There isn’t a lot of room for Pākehā like me in the TOW if we’re talking a negotiation between the Crown and Māori. Obviously the Crown represents me, and the Crown’s actions have privileged me and my family. I believe that a big part of decolonization is linking your own history to the breaches of the TOW – tracking your personal connection to a process in which Aotearoa starts off as Māori land and ends up as New Zealand, a quarter-acre paradise for Pākehā. Overall, I have been struck by the lack of Pākehā actors in this conference. There are Māori, and there is the government. Māori initiated the challenge that disrupted settler indigeneity in the 1970s and 1980s, but some Pākehā have also, in different ways, lived a history of taking the TOW seriously, wrestling with its implications privately and publicly. I don’t think Pākehā can expect a pat on the head and a gold star for our contribution. There’s no A for effort here. But we need to find a way to challenge the idea that the TOW is a Māori issue, or the idea that biculturalism, its flawed and fascinating fruit, is a Māori problem.
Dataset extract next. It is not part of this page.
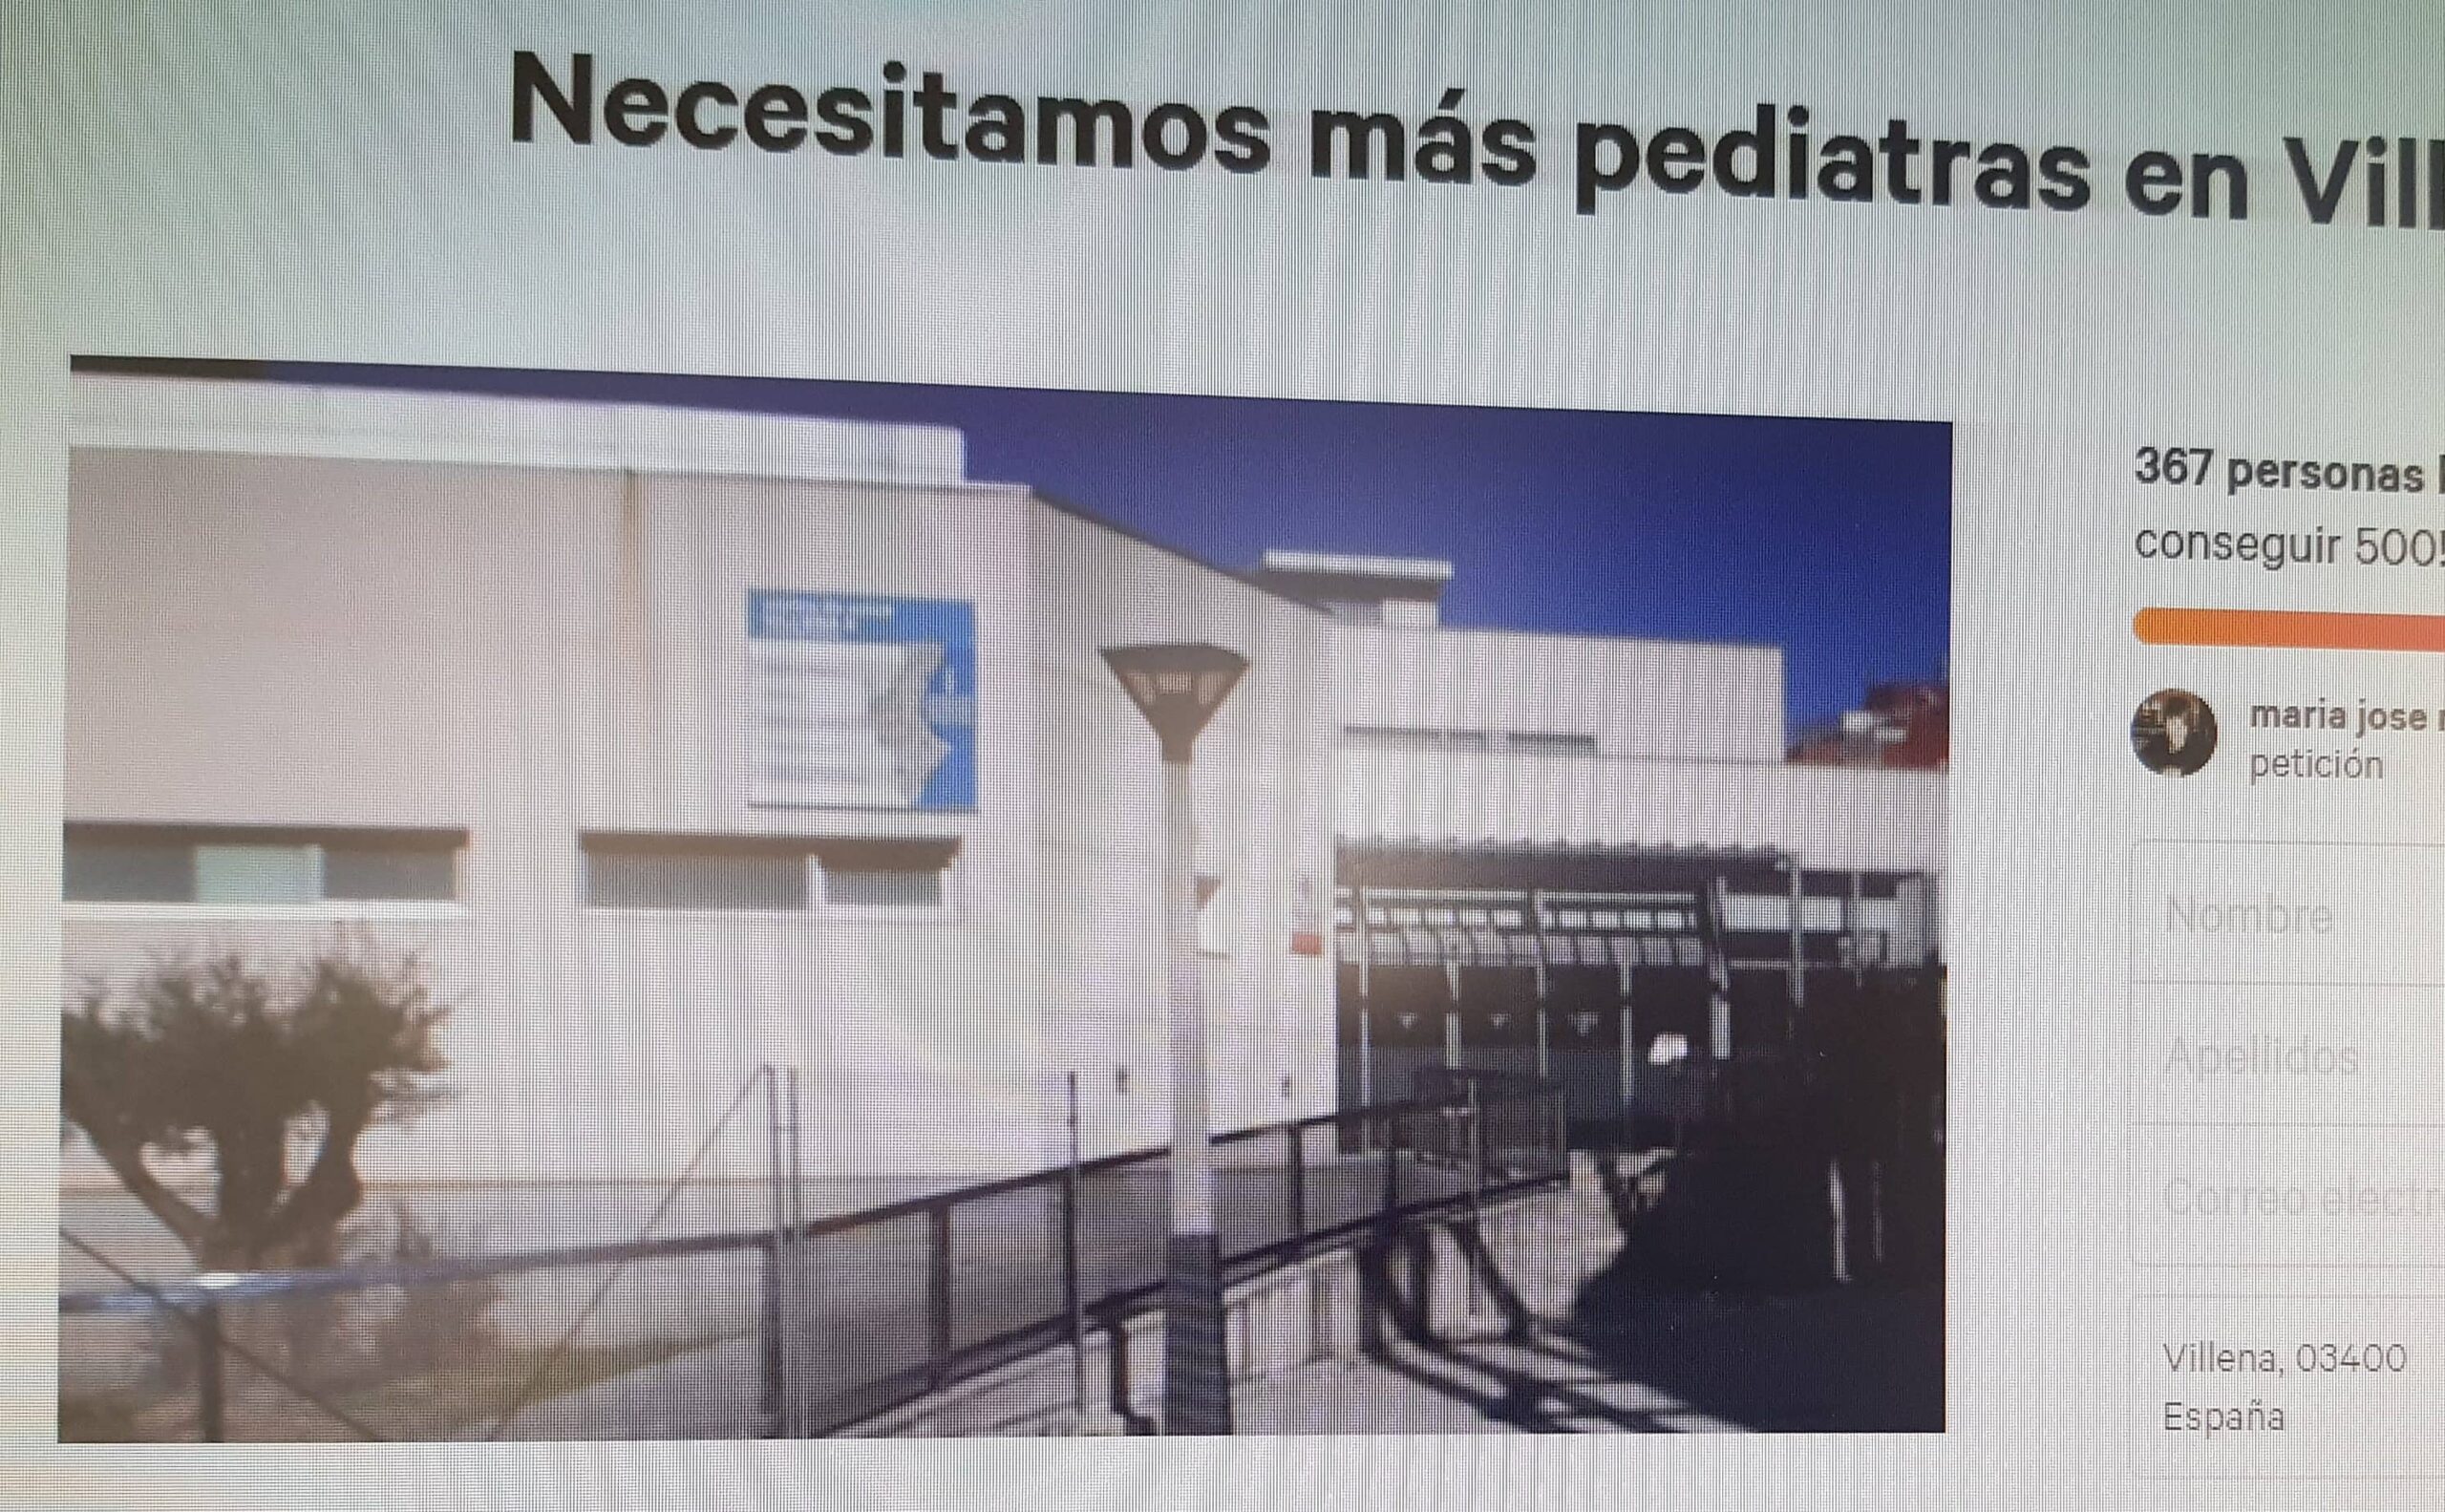 Inician una campaña para demandar más pediatras en Villena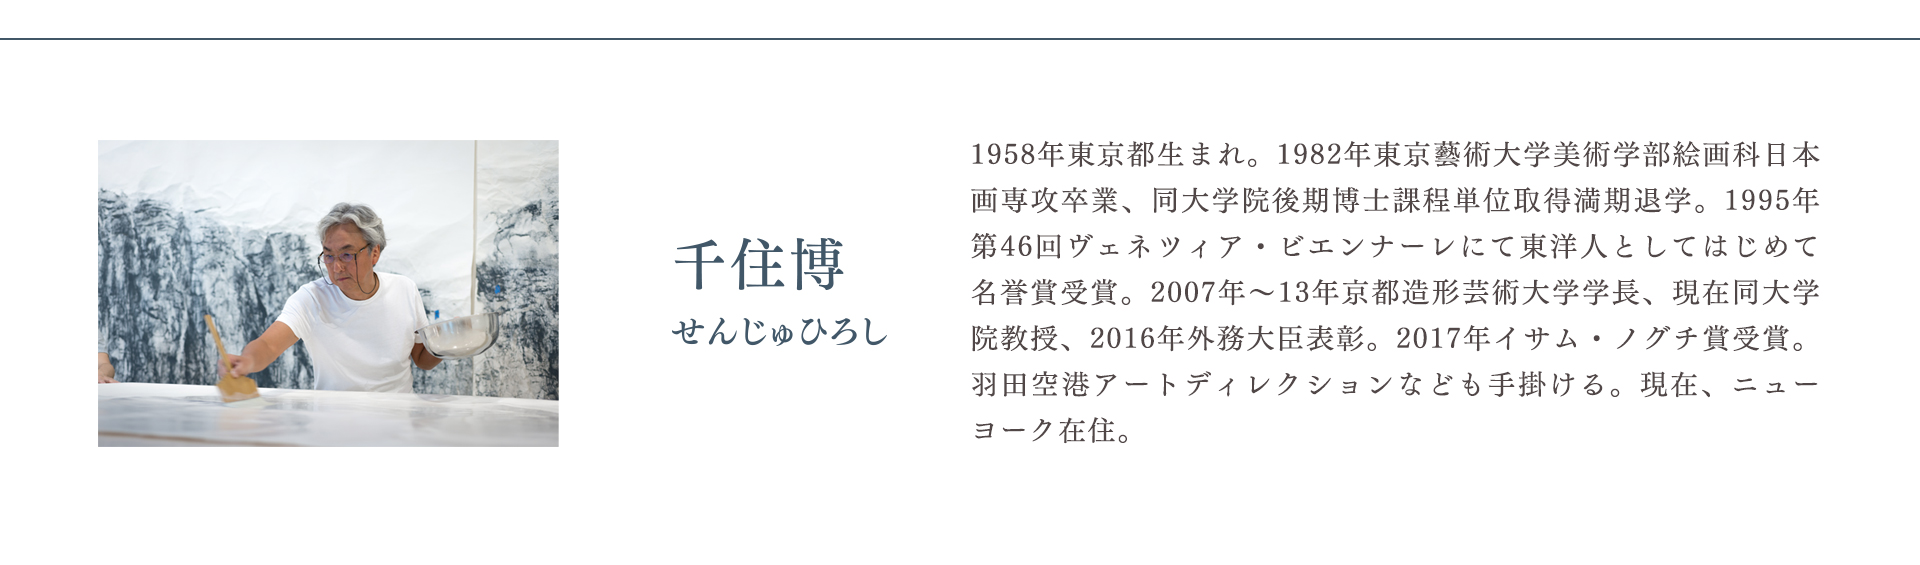 高野山金剛峯寺 襖絵完成記念 千住 博展 ―日本の美を極め、世界の美を拓く―

All the cultural institutions I’ve ever encountered are filled with Māori staff who run the cultural sensitivity training and who are responsible for articulating what biculturalism means. This just lets Pākehā off the hook. The Treaty on the Ground is going to require Pākehā to step up and shrug off the invisibility cloak of whiteness. As April Bennett said to a question from the audience this morning about Pākehā in all this, kia kaha e hoa mā. Go forth and gather together the resources that already exist, the people who are already committed, and start making a Pākehā conversation happen. As I was told once, around the dinner table, the biggest problem facing Māori is Pākehā. So what are we going to do about that?